I restored my data to the newly wiped computer from a two-day old backup, and I also took this is an opportunity to clean up a bit. I got rid of some programs I wasn’t really using anymore, threw out some files and bad music, and eventually, felt pretty good about my computing life. My computer was lean, fast, with brand new parts, and I thought I’d recovered from a dead hard drive with no issues. But I never opened the dissertation folder.

Two weeks ago, a colleague asked me for a script I used to create some of the stimuli for my dissertation. Easy, I said. I’ve got that in my “dissertation” folder. I opened the folder, knowing just where it would be, but it contained nothing but a corrupted PDF with comments from my committee. Whether it was lost to the data corruption, lost in a bad restore, or just lost, it was gone. Everything else was gone.

“OK, this is why I have backups.”

I’ve had a number of hard drive failures over my life, so, when it comes to data, I’ve had a hardcore backup schema. At any given moment, I have:

Three small portable backup drives using Apple’s “Time Machine”, which I swap out periodically
A USB hard drive playing “Time Capsule”, attached to my wireless router and automatically backing up using Time Machine every few minutes
Two “cold storage” time machine drives, one at home and one off site, which I only update every once in a while
An offsite internet backup service (Crashplan), keeping copies of deleted files as well as the past versions.

Theoretically speaking, in order to lose all of my data, I would have to experience 6 hard drive failures and lose access to the cloud.

Or, I’d just have to f*** up really badly.

How I f***ed up really badly, Part 1

I didn’t know when the data had disappeared, but it was gone, and I needed to get it back.

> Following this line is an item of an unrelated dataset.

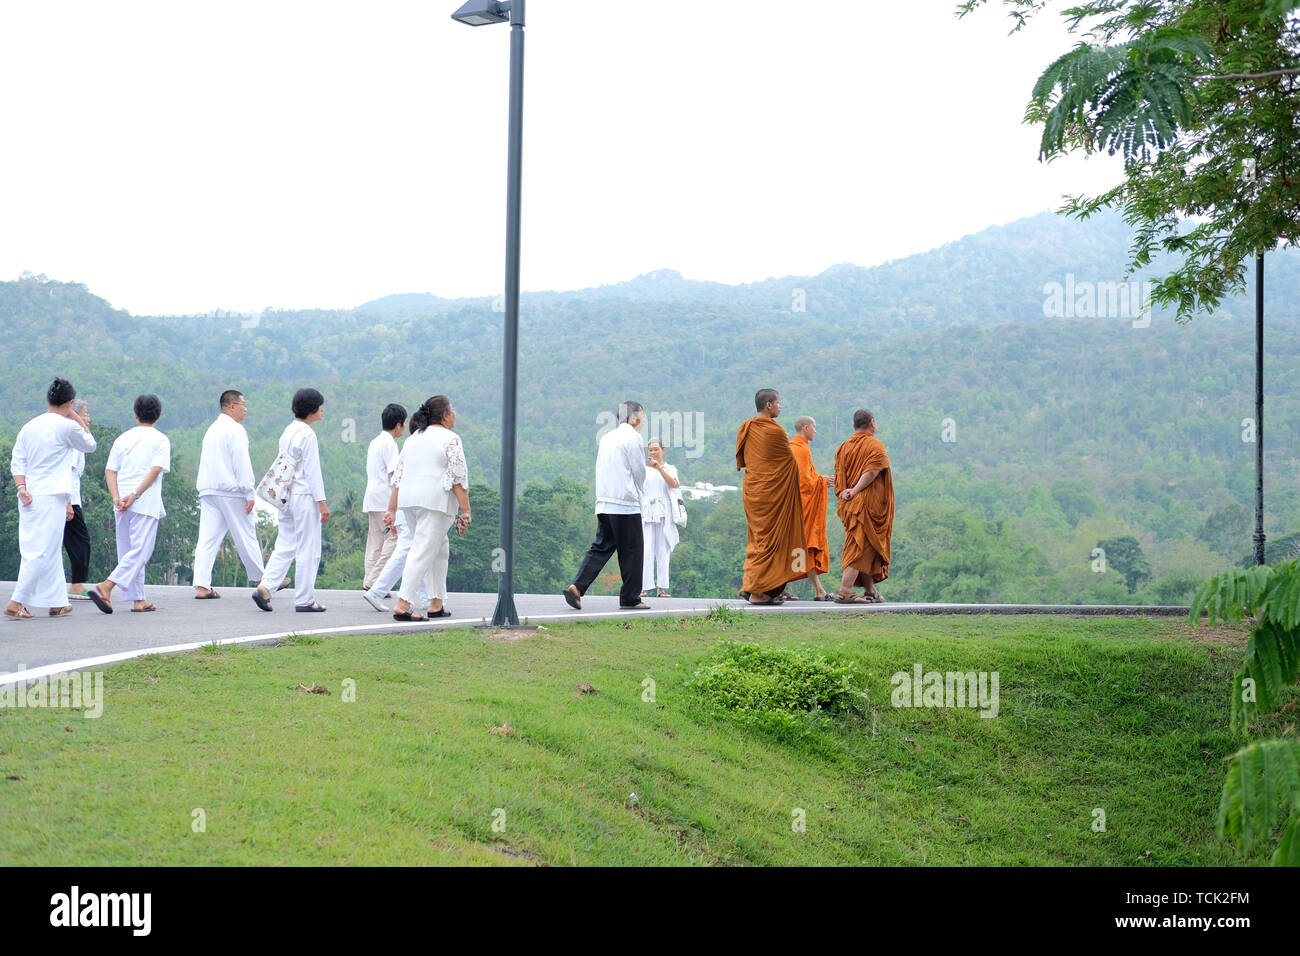 Chiang Mai, Thailand -  May 29, 2019: buddhist monk and people walking for meditation in Chiang Mai university in Chiang Mai, Thailand on May 29, 2019 Stock Photo

Over the next few hours, I went through every one of the backups above, and found that amazingly, each one had failed because of two really poor choices, and one bad stroke of luck.

Really poor choice #1: I “refreshed” most of my backups when I got my computer back

After the clean install, I was feeling cocky. My computer was clean, decluttered, and running great, and everything looked fine. So, given that my backup drives were already starting to get full with all that old data (“Who needs old data!?”), and I needed to repartition them anyways, I decided to wipe and re-start every single backup drive except my offsite “cold storage” drive. I was confident enough that between Crashplan and the offsite storage, I’d be fine even if there was some missing data, even if there was a problem, and “starting fresh” would be a great idea.

This meant that my oldest backup on any of these drives was June 16th. The day after my “Clean” install. So, on every single drive, instead of 2+ years of backup data, the oldest one had the same corrupted folder as my hard drive.

This choice alone brought my data down from 7 backups, to just two. But that’s fine, two is enough. Unless I f***ed up really badly.

How I f***ed up really badly, Part 2

I’ve used Crashplan for a while now, and liked it a lot. There are reasonable privacy controls, it’s fast, easy, and reliable, and it even saves deleted files for a period you specify. It’s also much more reliable and faster than SpiderOak, my previous solution.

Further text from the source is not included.